8ème lettre - Couleur de la sporée

 

 

 

Mon cher neveu,

Peut-être que tu t'es posé une question à propos de mes derniers messages: Pourquoi ton oncle bien-aimé a-t-il choisi les Bolets, et non des Agaricales, pour t'initier à la description, à la détermination et à la classification? Tout simplement parce que les Bolets sont «plus faciles» à étudier. Et aussi parce que si, dans nos régions, on compte «seulement» une petite centaine d'espèces de Bolets, les espèces d'Agaricales, par contre, se comptent par milliers. Tu conviendras que, pour un débutant, le risque d'erreurs est plus grand s'il veut dès le début mettre de l'ordre dans ce groupe gigantesque.

L'un des plus importants critères de classification - grossière - de l'ordre des Agaricales est la

Couleur de la sporée

As-tu déjà remarqué que parfois, dans la nature, le chapeau d'un champignon recouvre - partiellement - le chapeau d'un autre carpophore, lorsque leurs deux pieds sont très rapprochés? Tu as peut-être vu autre chose: il arrive que le chapeau «inférieur» - la partie recouverte par l'autre - est couvert d'une «poussière» colorée, blanche, brune, rose, noire, etc. Cette poussière est une sporée, c'est à dire un amas de grains minuscules que l'on ne peut individualiser à l'œil nu; ces grains sont des spores. Pour aujourd'hui, je ne te parlerai que de la sporée; je te parlerai plus tard des spores.

Avant de commencer l'étude d'une Agaricale, il faut que tu obtiennes une sporée et que tu en notes la couleur. Pour déterminer cette couleur, tu peux essayer deux méthodes.

A:
Tu retournes le chapeau et tu observes la couleur des lames. Tu en déduis la couleur de la sporée. Méthode ultra simple et rapide. Mais elle présente un défaut majeur: très grande est la probabilité que tu obtiennes un résultat faux: il n'est pas certain du tout que les lames et la sporée soient de la même couleur!
   
B:
Tu t'armes de patience, quelques heures ou même une nuit entière: Tu coupes le pied du carpophore à étudier juste sous les lames et tu déposes le chapeau sur un papier blanc (lames en-dessous, évidemment). Si le carpophore est très grand, tu peux te contenter d'un quartier de chapeau (veille alors à éviter que les lames se couchent). La sporée est généralement plus abondante si on ajoute, sur le chapeau, un peu de papier mouchoir imbibé d'eau et si l'on recouvre le tout d'un gobelet renversé. Tu peux aussi perfectionner la méthode comme suit (voir image):
   
  1. Mets un peu d'eau dans un gobelet de yoghourt;
  2. pose sur le gobelet une feuille (env. 8X8 cm) de fort papier blanc (bristol) où tu auras découpé un cercle au centre;
  3. installe le carpophore entier, pied dans l'eau, chapeau sur le papier;
  4. recouvre le chapeau avec un second gobelet renversé;
  5. ...attends patiemment.

Tu obtiendras - généralement - une très belle sporée. L'eau du gobelet, dans laquelle plonge le pied du carpophore, empêche le champignon de se dessécher; le gobelet supérieur protège de tout courant d'air qui emporterait les spores dans le voisinage.

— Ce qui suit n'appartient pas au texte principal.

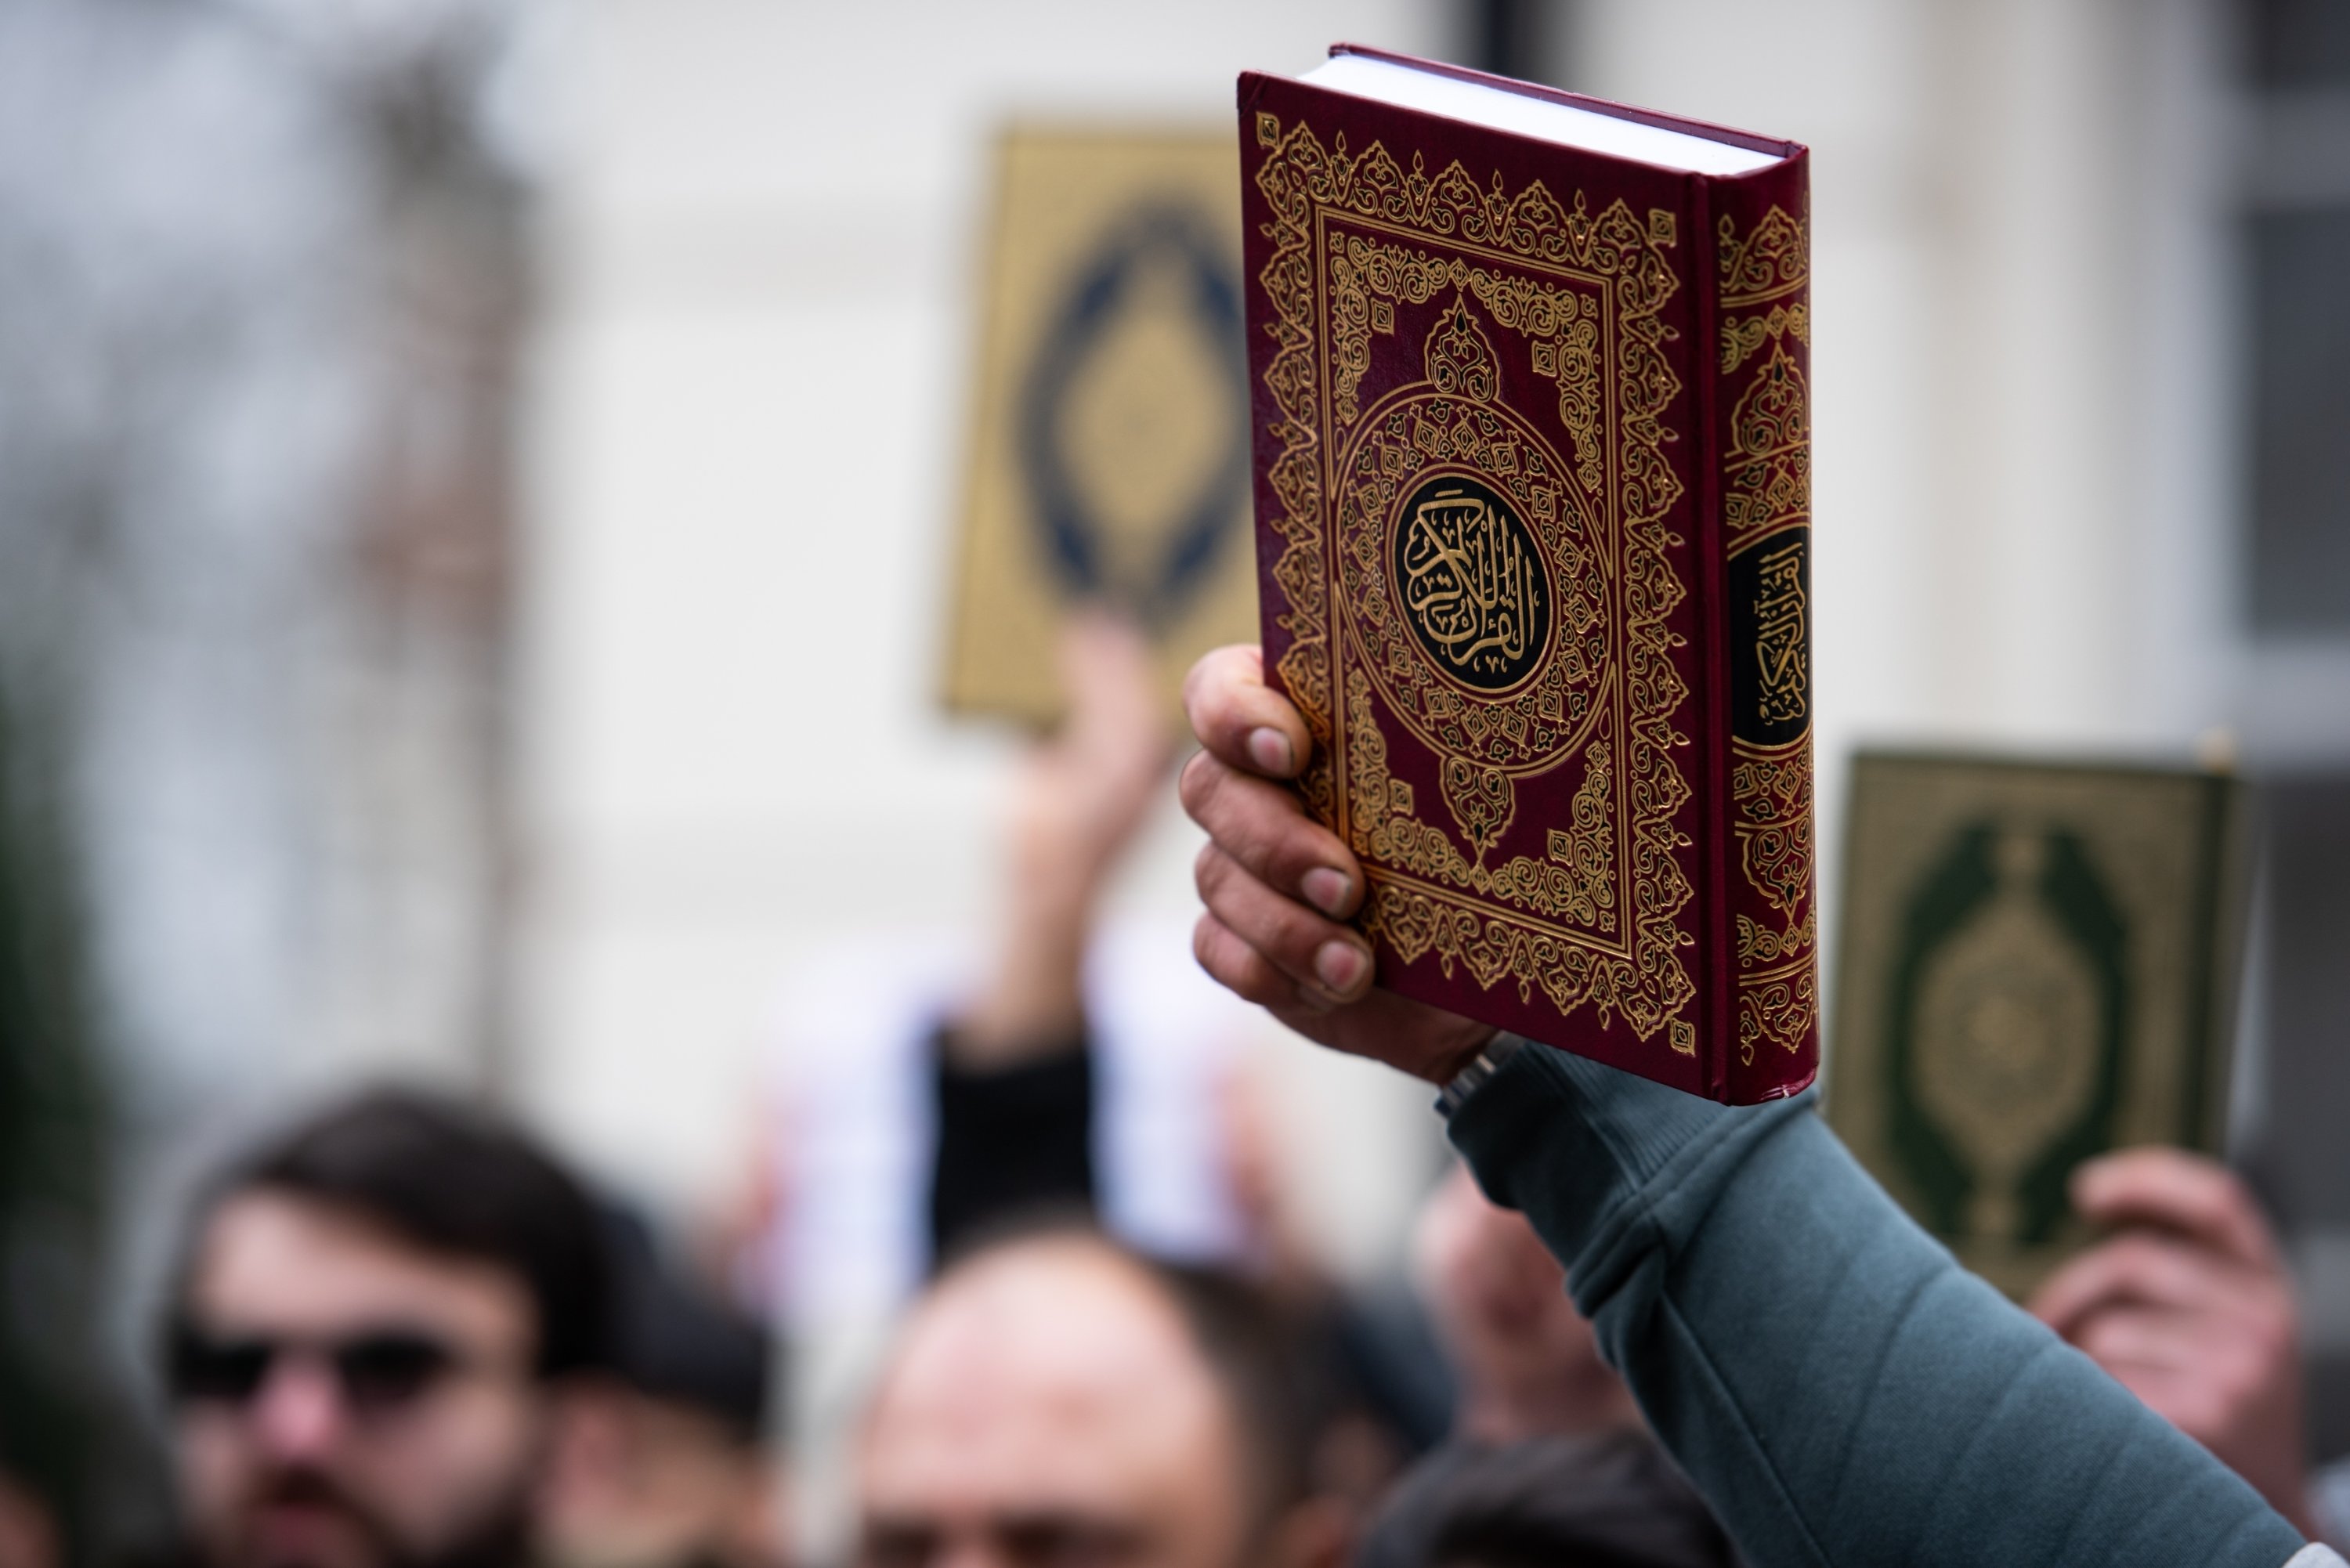 Denmark FM speaks on Quran incidents

Pour les sporées blanches, on peut conseiller du papier noir: l'effet est alors saisissant. Certains de mes amis noircissent à l'encre de Chine la moitié de la surface du papier. Néanmoins, une bonne perception de la couleur d'une sporée est mieux assurée avec du papier blanc.

Pour moi, j'ai confectionné une série de carrés de papier avec trois grandeurs de trous centraux différentes.

Tu peux conserver tes sporées, en les recouvrant d'une feuille transparente; mais n'oublie pas d'inscrire au verso le nom du champignon et la date de récolte. Je te souhaite bien du plaisir à confectionner ta propre collection de sporées.